Questions: Local Polynomial Regression and Bandwidth Selection
5 questions to test your understanding
Score: 0 / 5
Question 1 Multiple Choice
A researcher doubles the bandwidth in a local linear regression. What is the most likely effect on the resulting estimates?
AVariance increases and bias decreases, because more data points are used for each estimate
BVariance decreases and bias increases, because the local polynomial must approximate the true function over a wider range
CBoth variance and bias decrease, because more data always improves estimation
DThe estimates are unaffected, because local polynomial regression automatically adjusts for bandwidth changes
This is the fundamental bias-variance tradeoff in local polynomial regression. A larger bandwidth borrows more observations, reducing variance (the estimate is less noisy). But it also forces the local polynomial to approximate the true function over a wider range — if the true function curves, the locally linear fit will be systematically off, introducing bias. Doubling bandwidth doesn't uniformly improve estimates; it trades one error source for another. Optimal bandwidth minimizes total mean squared error, balancing these forces.
Question 2 Multiple Choice
In a regression discontinuity design, why is local linear regression (degree 1) preferred over local constant regression (degree 0) near the cutoff?
ALocal linear uses more observations, reducing variance at the boundary
BLocal constant has worse boundary behavior because it cannot capture the slope of the true function, introducing upward bias at the edges of the support
CLocal linear automatically selects the optimal bandwidth, while local constant requires manual tuning
DLocal constant regression is biased everywhere, not just at boundaries
Local constant regression (fitting a local mean) suffers from boundary bias: at the edge of the data support, observations exist only on one side, so the local mean is pulled toward the interior. Local linear regression fits a slope as well as an intercept, which allows the fit to extrapolate more accurately to the boundary by accounting for the function's direction of travel.
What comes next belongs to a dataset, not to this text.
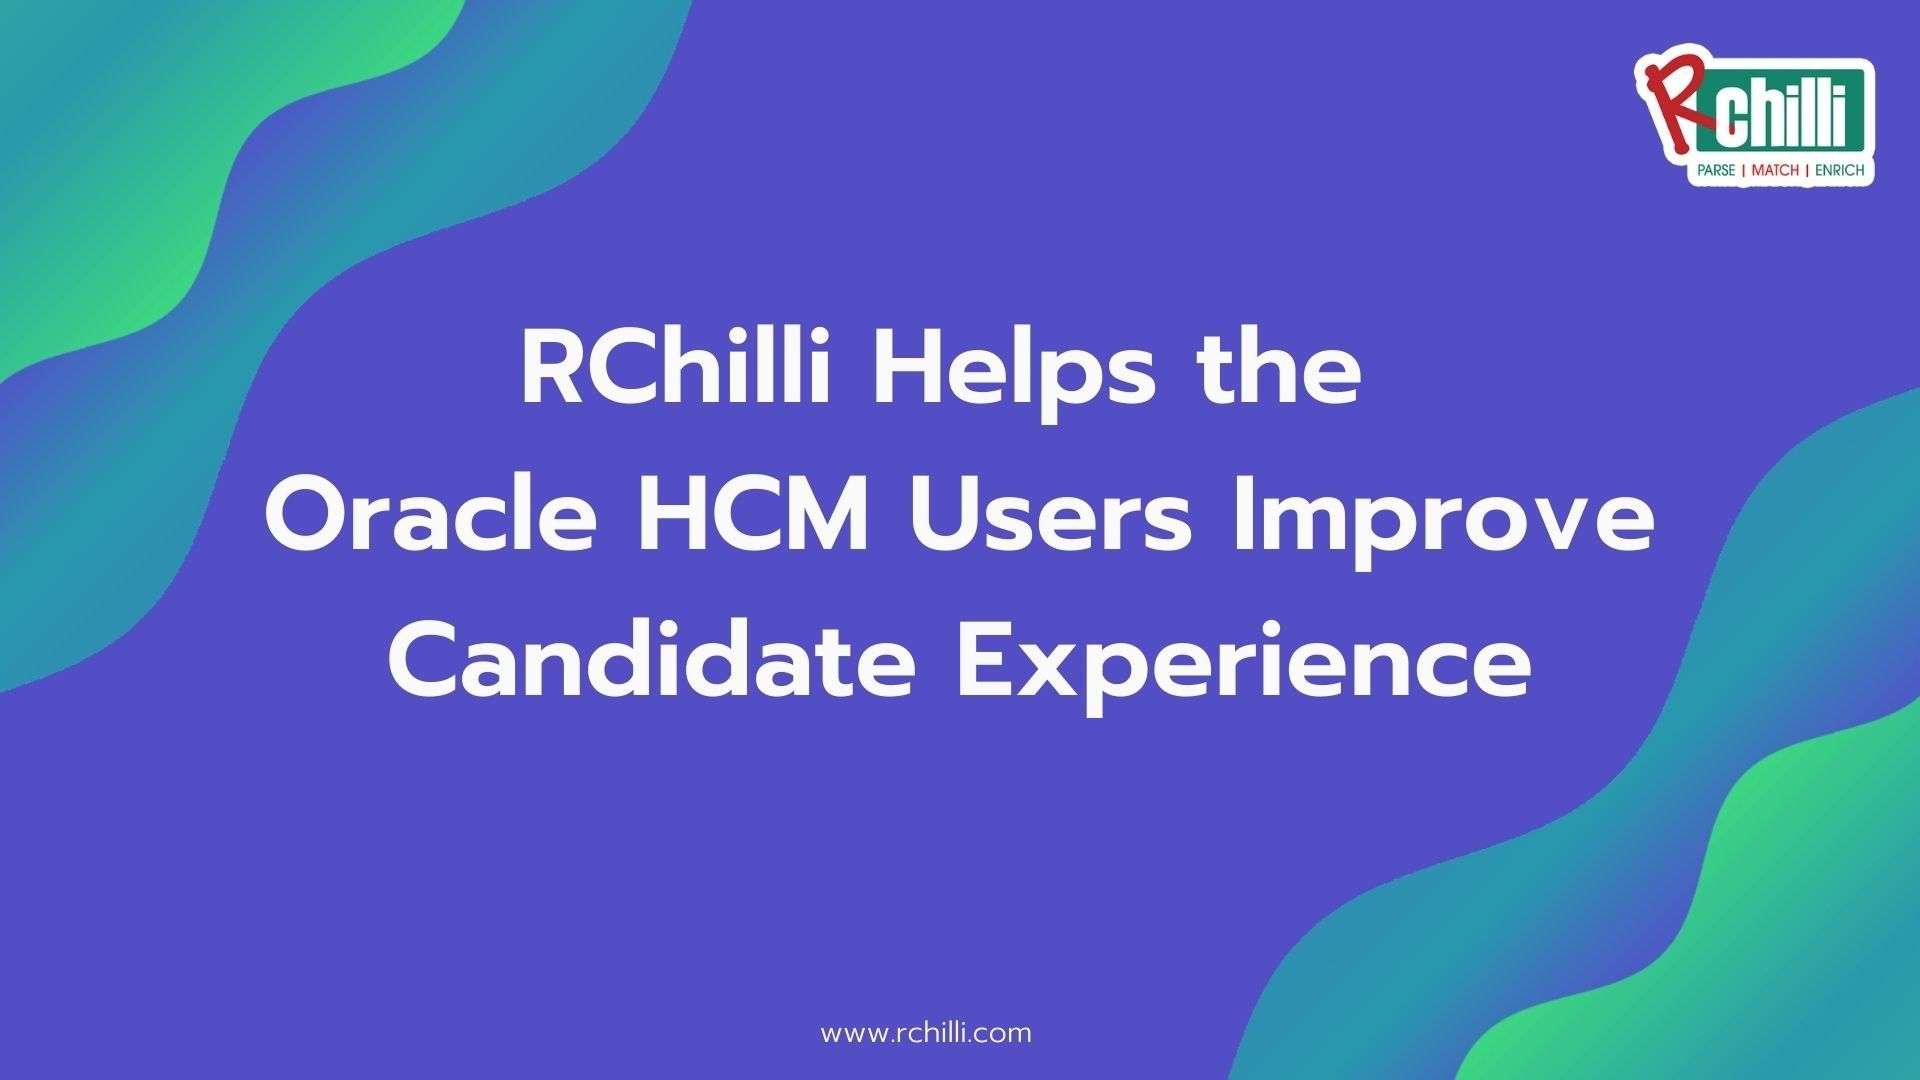 RChilli Helps the Oracle HCM Users Improve Candidate Experience

In RD designs, the key quantity is the fitted value at the cutoff (a boundary point), making this distinction critical.
Question 3 True / False
A wider bandwidth in local polynomial regression usually produces a better estimate because it uses more data.
TTrue
FFalse
Answer: False
Using more data is not inherently better when the data farther away contains misleading information for the target estimate. A wider bandwidth forces the local polynomial to approximate the true function over a larger range. If the true conditional expectation function is nonlinear, a wide-bandwidth local linear fit will be systematically biased toward a straight-line approximation. The optimal bandwidth explicitly trades variance reduction against bias increase — there is a bandwidth that minimizes MSE, and going beyond it increases total error even as variance keeps falling.
Question 4 True / False
Local polynomial regression fits a separate polynomial in a neighborhood around each evaluation point, rather than fitting a single polynomial to the entire dataset.
TTrue
FFalse
Answer: True
This is the defining feature of local polynomial regression and what makes it nonparametric. For each evaluation point x₀, the method collects nearby observations (within bandwidth h), weights them by a kernel function, and fits a polynomial to that local subset. A different polynomial is fit at each x₀, so the resulting curve can flex to match the local shape of the data everywhere. This contrasts with global polynomial regression, which fits a single function to all observations and imposes a rigid global shape.
Question 5 Short Answer
Explain the bias-variance tradeoff in bandwidth selection for local polynomial regression. What happens as bandwidth shrinks toward zero, and what happens as it grows very large?
Think about your answer, then reveal below.
Model answer: As bandwidth shrinks toward zero, each local fit uses only observations very close to the evaluation point — variance explodes (tiny sample, noisy estimate) but bias approaches zero (no need to extrapolate across a wide range). As bandwidth grows very large, the local fit incorporates most of the data — variance falls but bias grows, because the local polynomial must approximate the true function over a wide range where it may curve significantly. Optimal bandwidth sits between these extremes, minimizing mean squared error = bias² + variance.
This tradeoff appears throughout nonparametric statistics and machine learning (e.g., the choice of k in k-nearest neighbors, or the kernel bandwidth in kernel density estimation). The insight is that adding observations near the target reduces noise but adding distant observations introduces approximation error. Cross-validation and plug-in methods find bandwidth by estimating where the bias² + variance curve reaches its minimum.